Since 2021, synthetic SRT securitizations have been allowed to qualify for STS, as long as the investor taking the risk puts up cash to buy a note, and that money is invested in high quality collateral that would be used to compensate the ceding bank if losses in the portfolio reached the transferred tranche. This is known as a 'funded' structure.
Insurance companies like to take risk on SRT deals in unfunded form, by writing insurance contracts — up to now these have not been eligible for STS.
The leaked Sec Reg paper suggests the Commission is willing to allow this, subject to “certain robustness, solvency and diversification criteria”.

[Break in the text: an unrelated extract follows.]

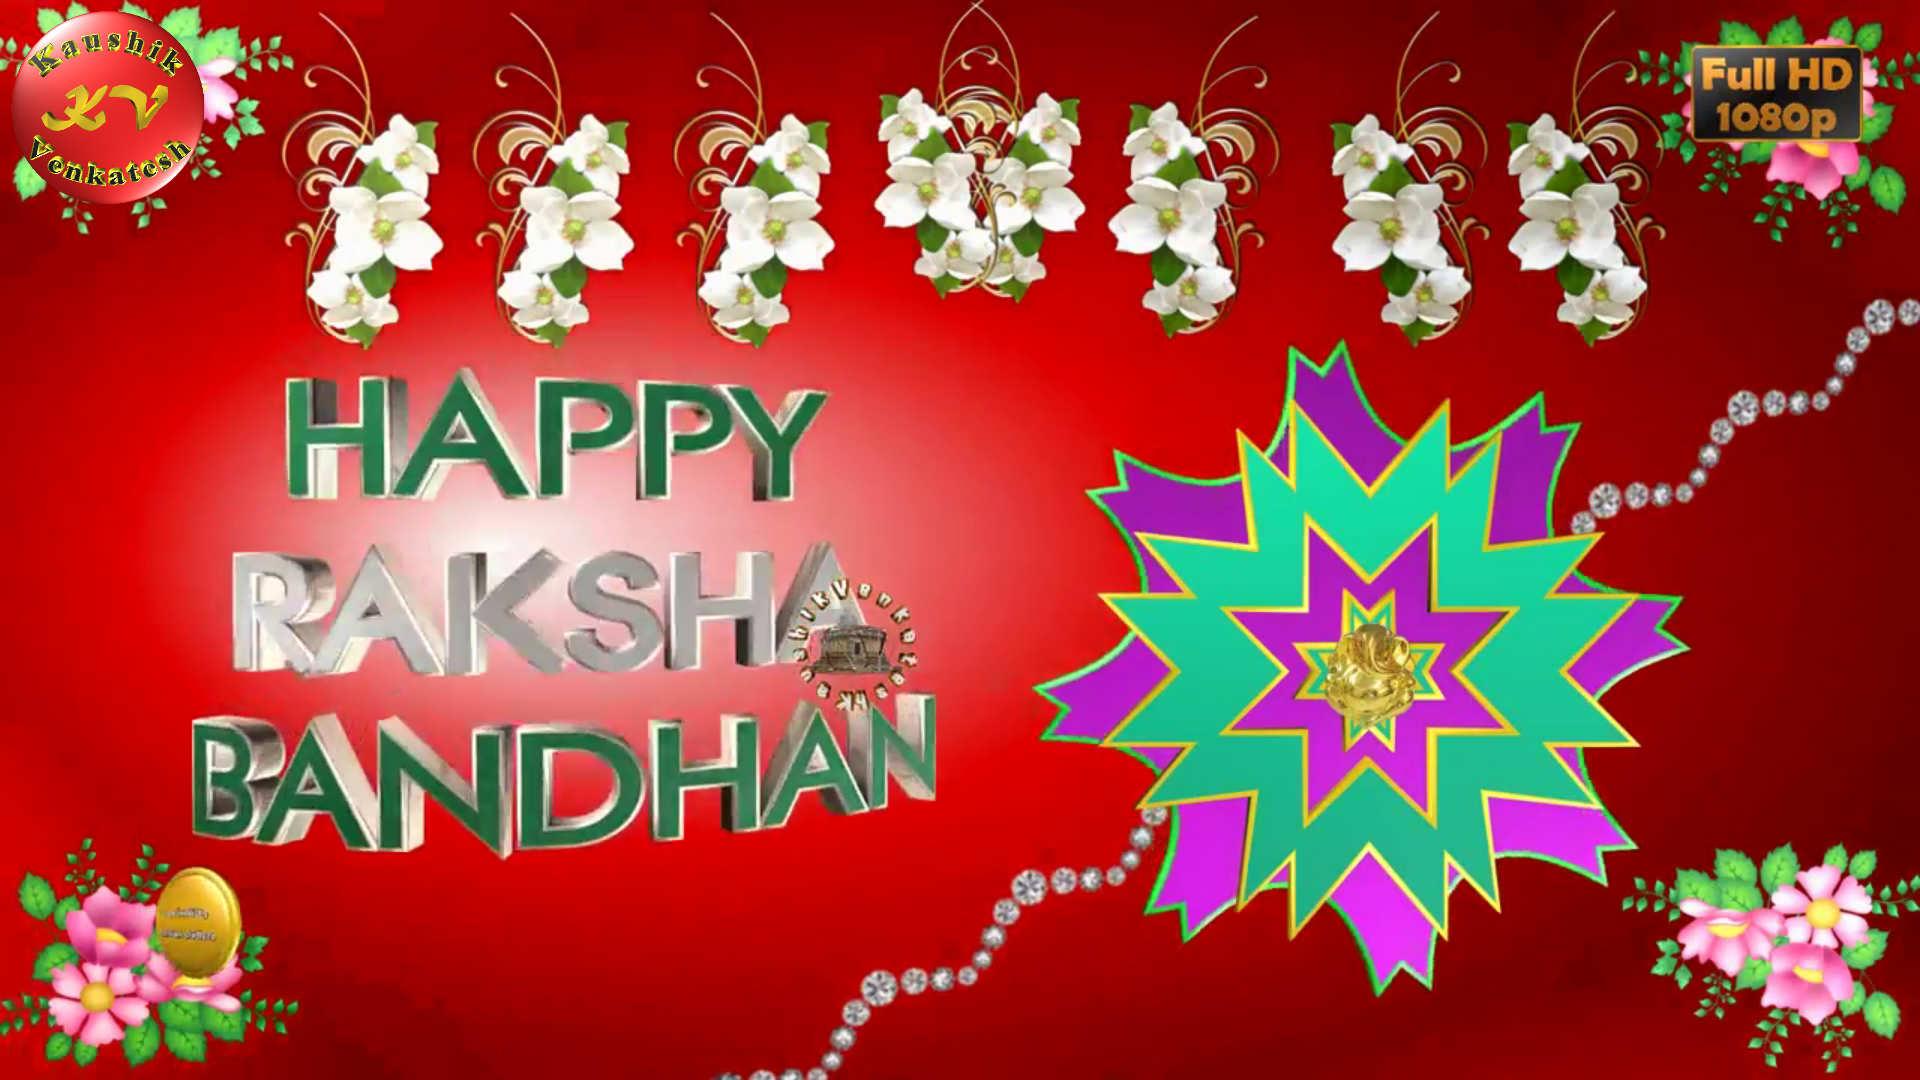 Greetings Image of Raksha Bandhan Festival Status. Rakhi - The festival dedicated to Brother and Sister relationship.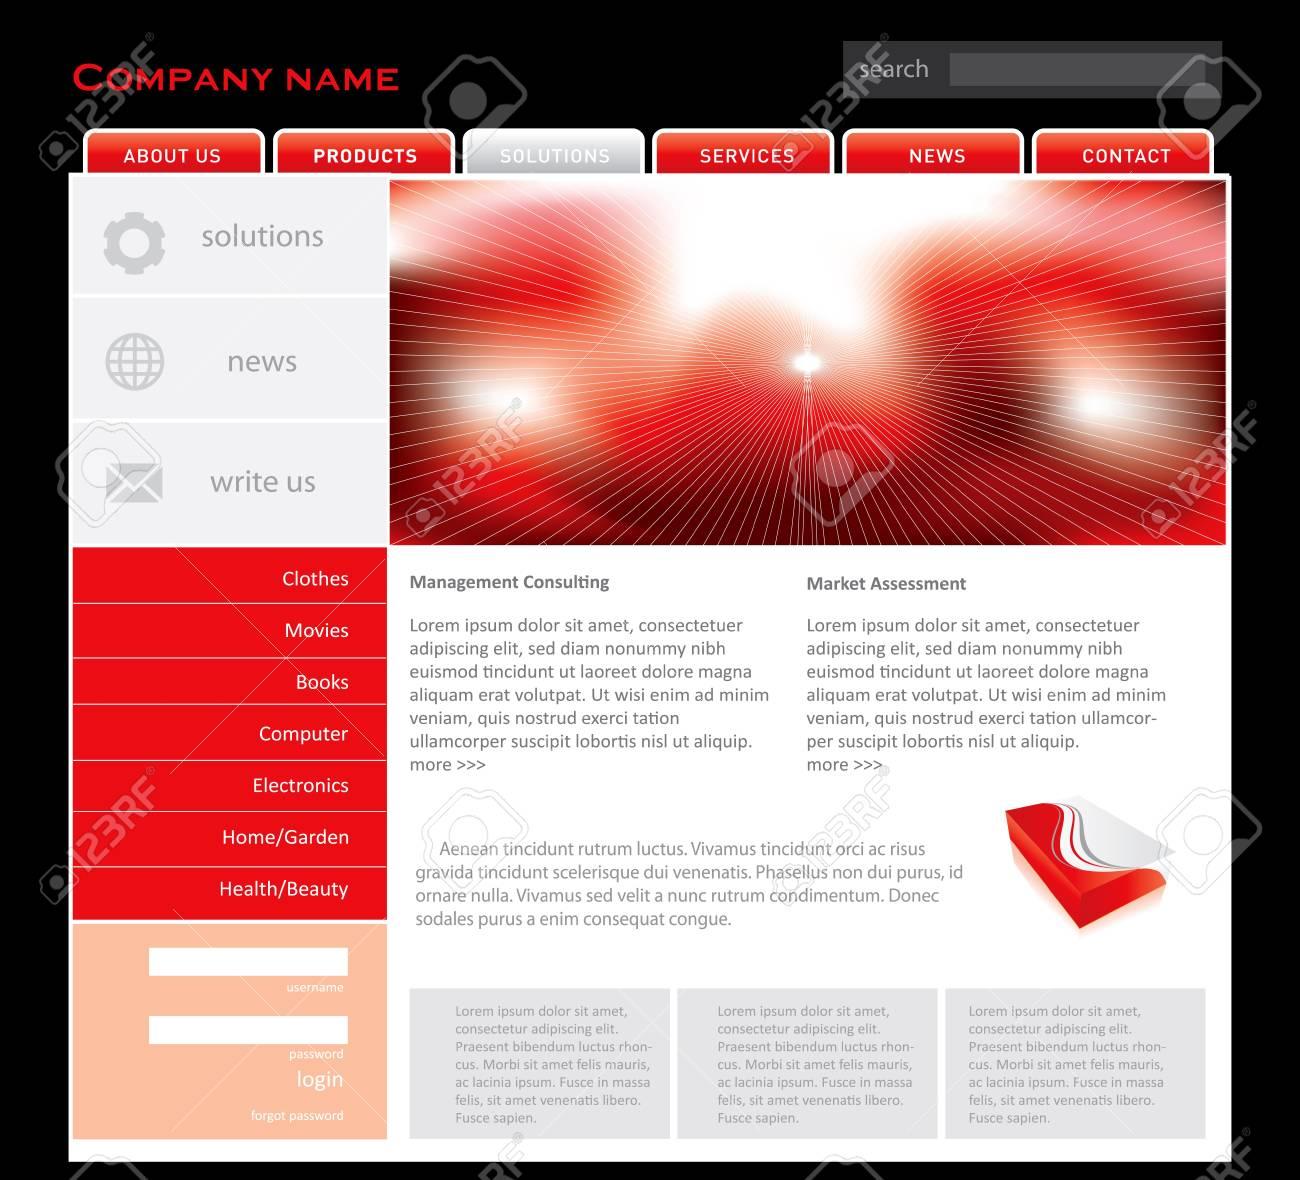 Simple Website Template In Editable Vector Format Royalty Free

Those criteria are that the insurer must have:
the capacity for internal risk modelling
a credit quality step two rating or better
business activities in at least two classes of non-life insurance
at least Є20bn of assets under management
“Assets under management” is an odd way to refer to an insurer’s assets and has little bearing on its capital or solvency, which is presumably the reason to include that stipulation. But even beyond such pedantry, it’s a pretty restrictive list that again could limit the helpfulness of the measure.
Precision needed
These are perhaps the two most important cases of where the Commission's proposals could fall down on the details. But there are plenty of other niche points, and much more the market still needs to digest.
The leaked proposals give a strong sense that, although the Commission wants to make concessions to the market, for each one it feels the need to exact some fresh protection for the stability of the financial system — in spite of the already extensive protections in place.
Whether the authorities' risk-averse instincts ultimately limit the benefit of the reforms will come down to how they decide some very complicated details.